» **Task statement**
Set down the whole listing below exactly, without pictures.

» **Information supplied**
_ _ _ _

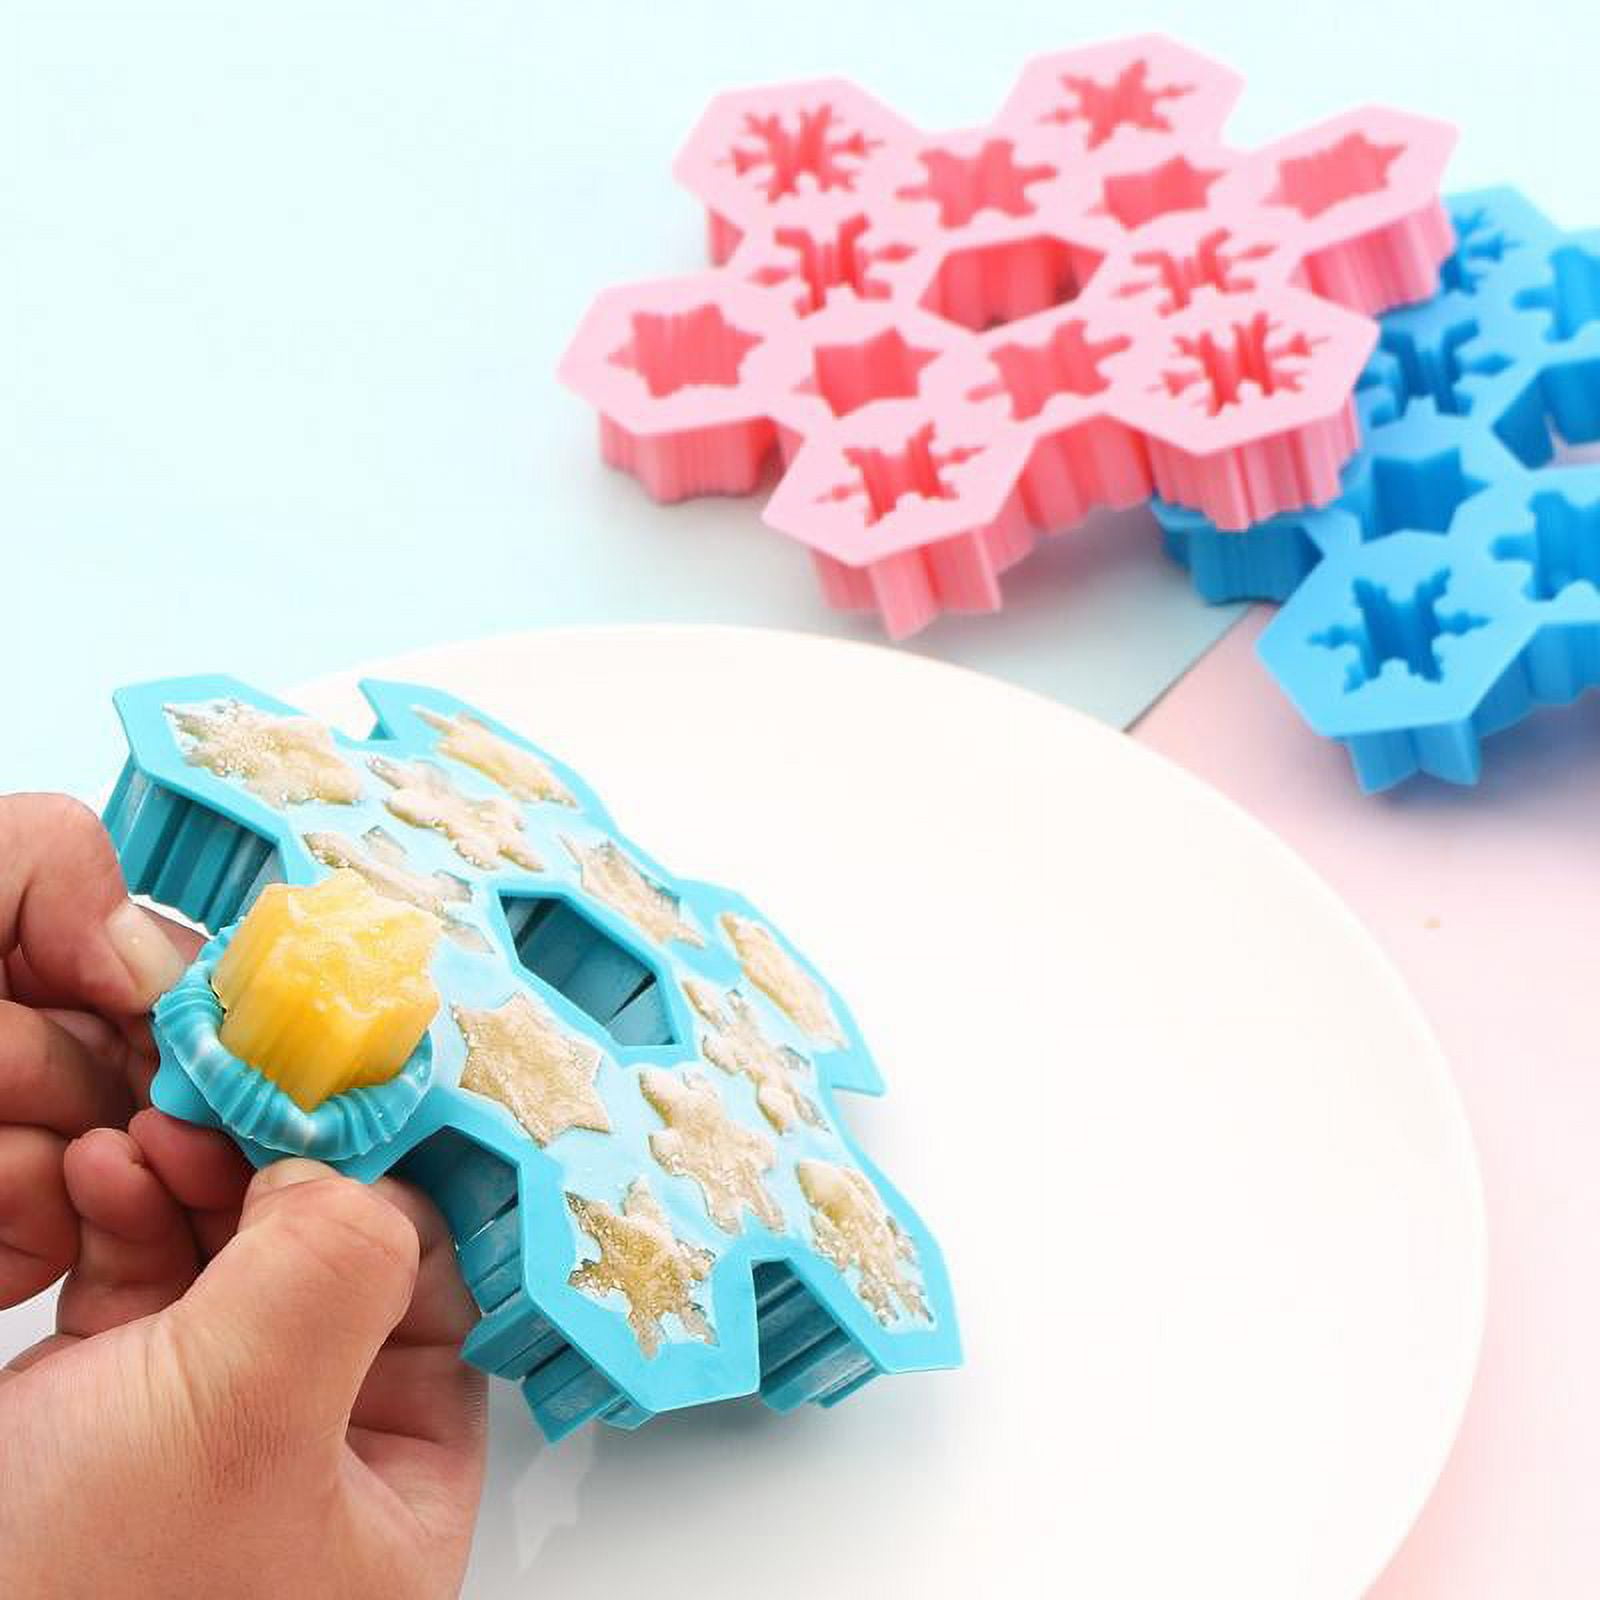 Set Of 6 Rubber Ice Cube Candy Molds - Fish, Flowers, Stars, Tree, Snowflake
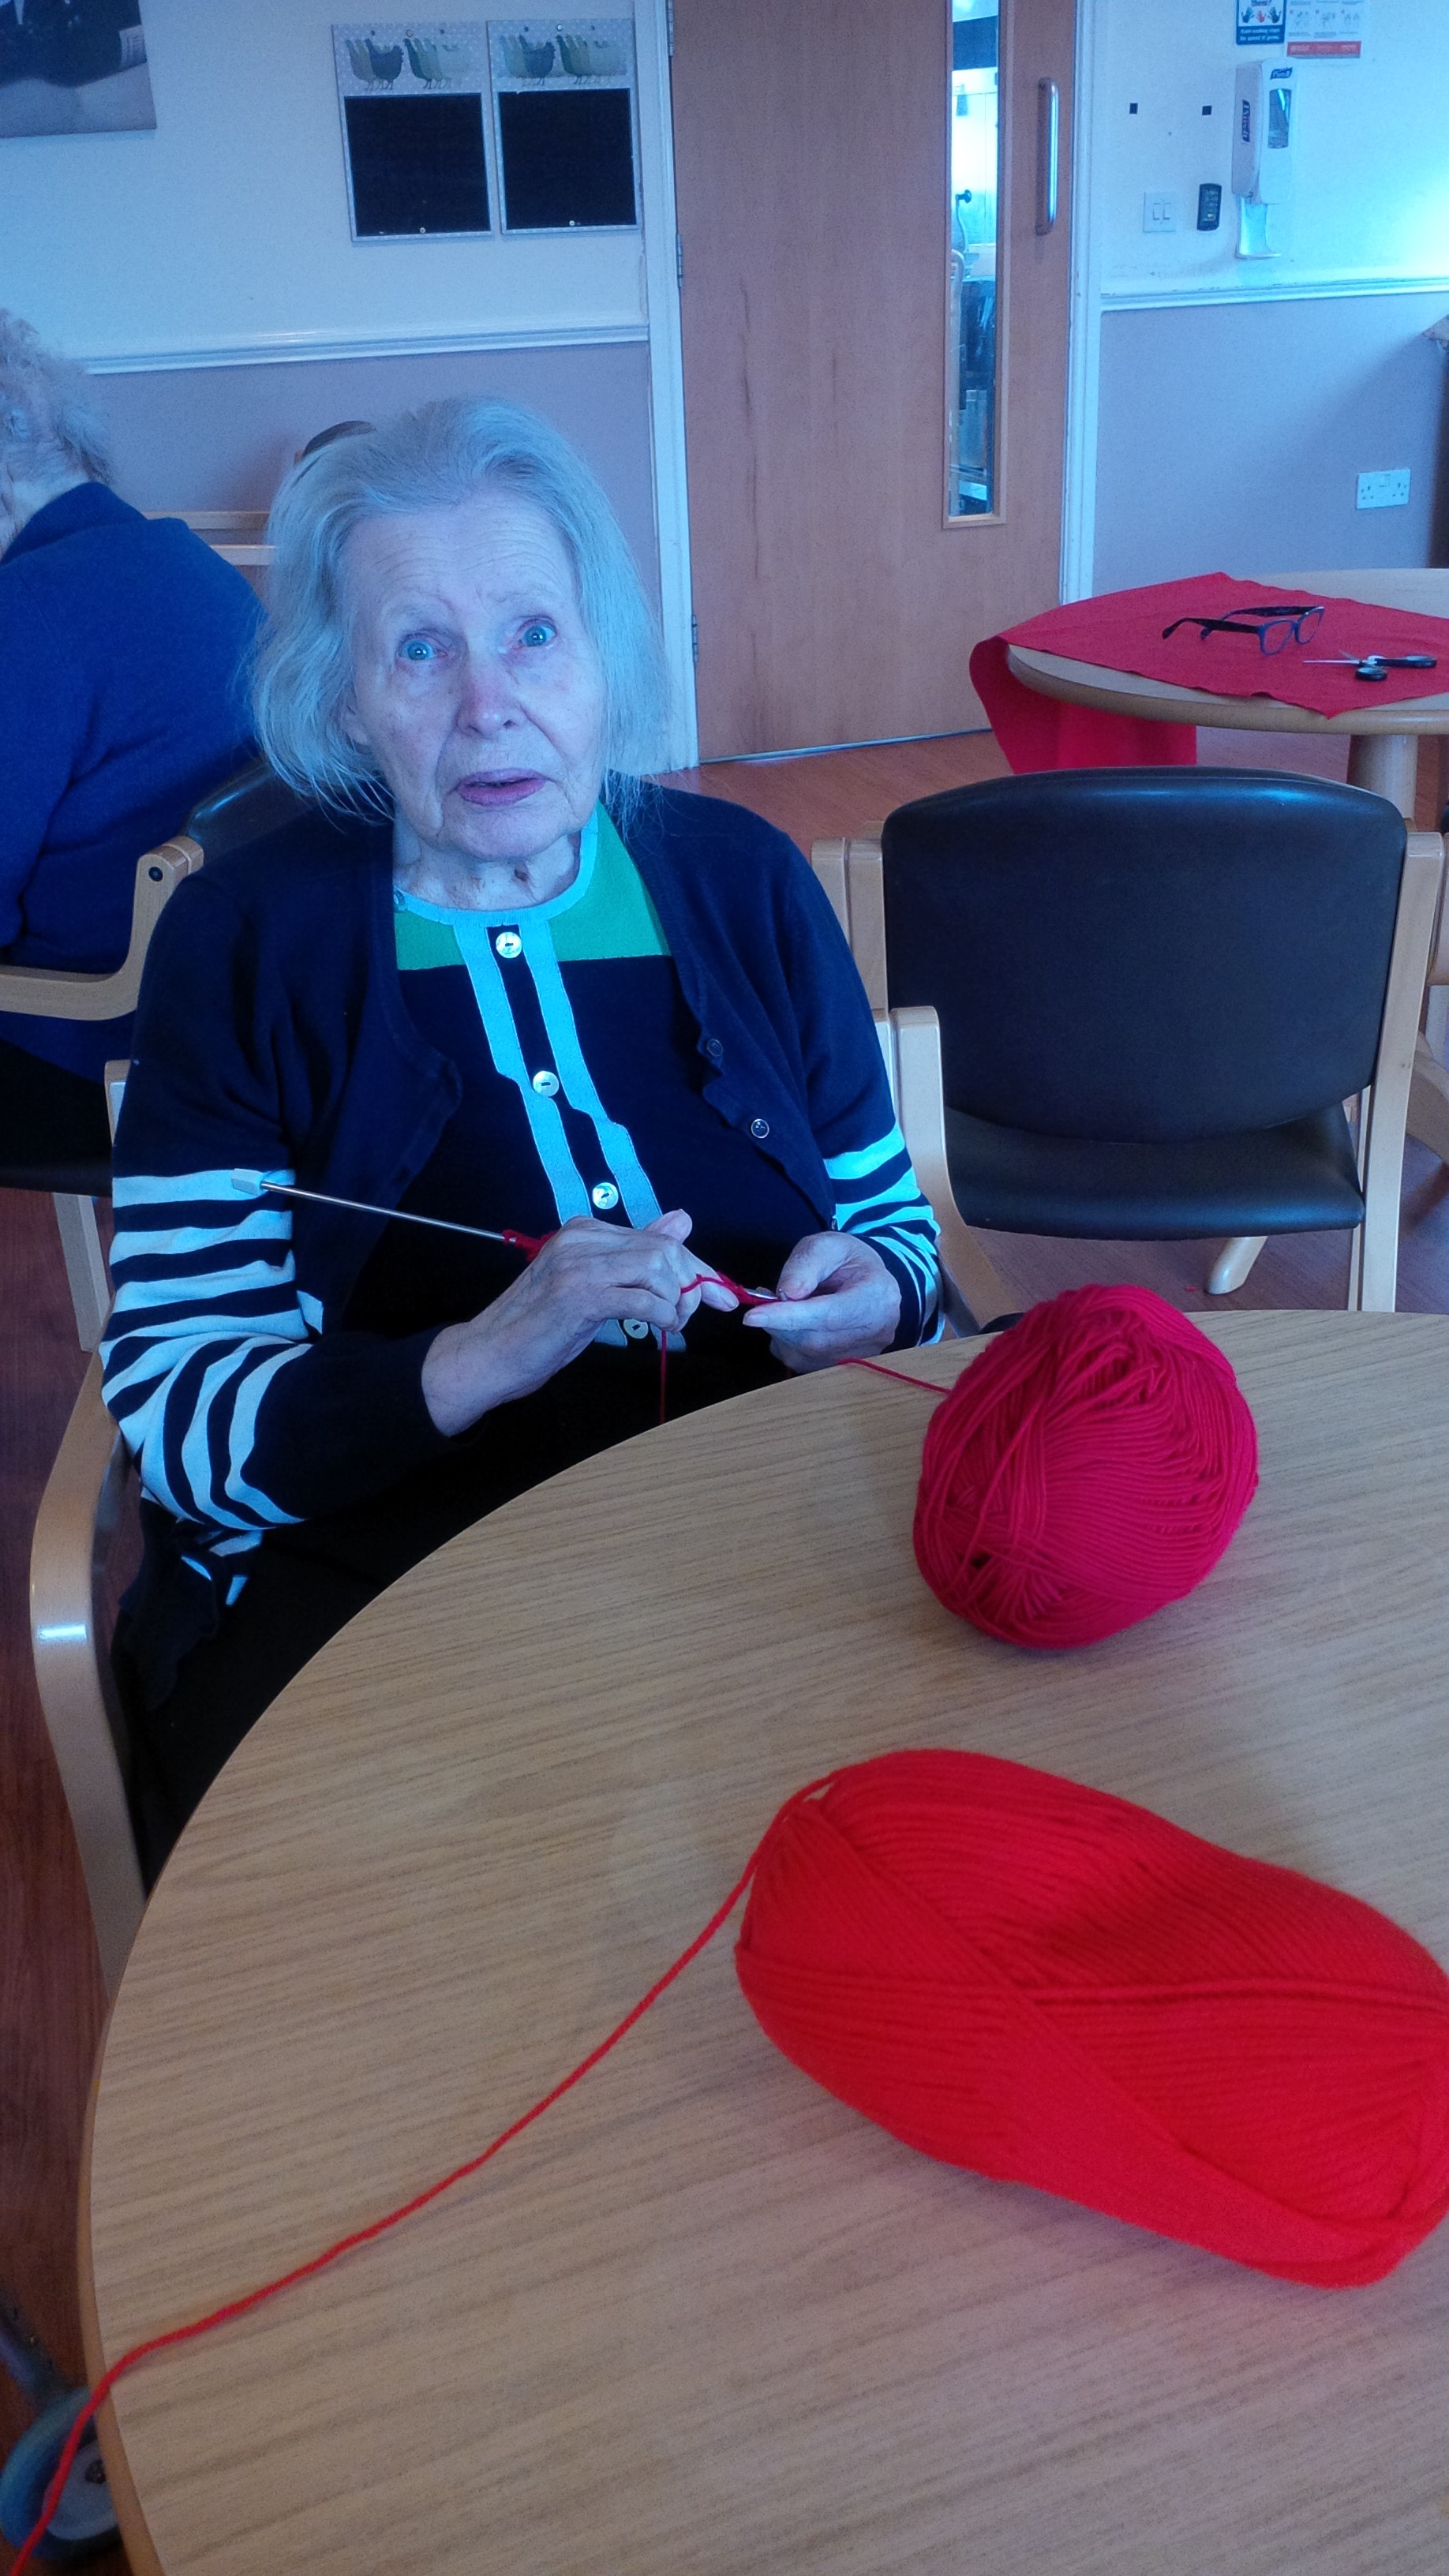 Centenary Textile Project - Poppy Making: Key Healthcare is dedicated to caring for elderly residents in safe. We have multiple dementia care homes including our care home middlesbrough, our care home St. Helen and care home saltburn. We excel in monitoring and improving care levels.
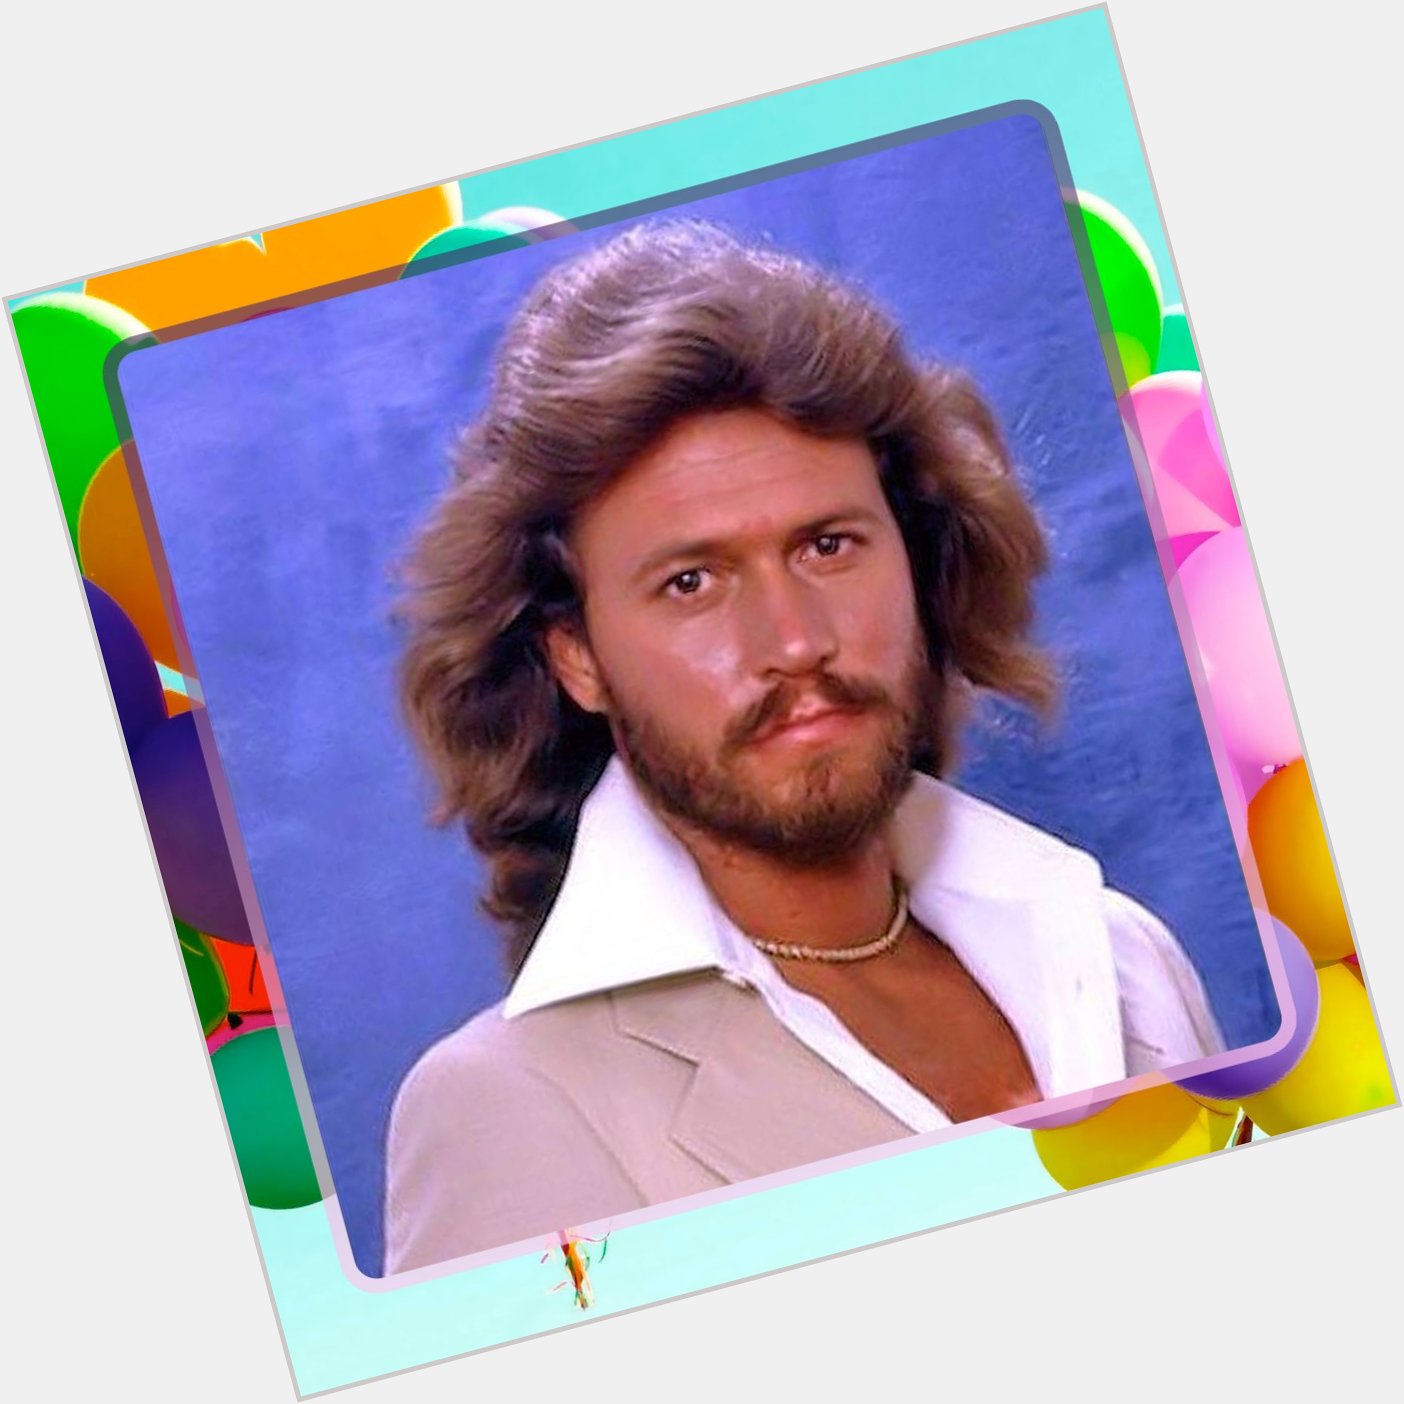 Happy Birthday Barry Gibb! 

Which track is your favourite??

_ _ _ _

» **Your solution**
 Set Of 6 Rubber Ice Cube Candy Molds - Fish, Flowers, Stars, Tree, Snowflake
 Centenary Textile Project - Poppy Making: Key Healthcare is dedicated to caring for elderly residents in safe. We have multiple dementia care homes including our care home middlesbrough, our care home St. Helen and care home saltburn. We excel in monitoring and improving care levels.
 Happy Birthday Barry Gibb! 

Which track is your favourite??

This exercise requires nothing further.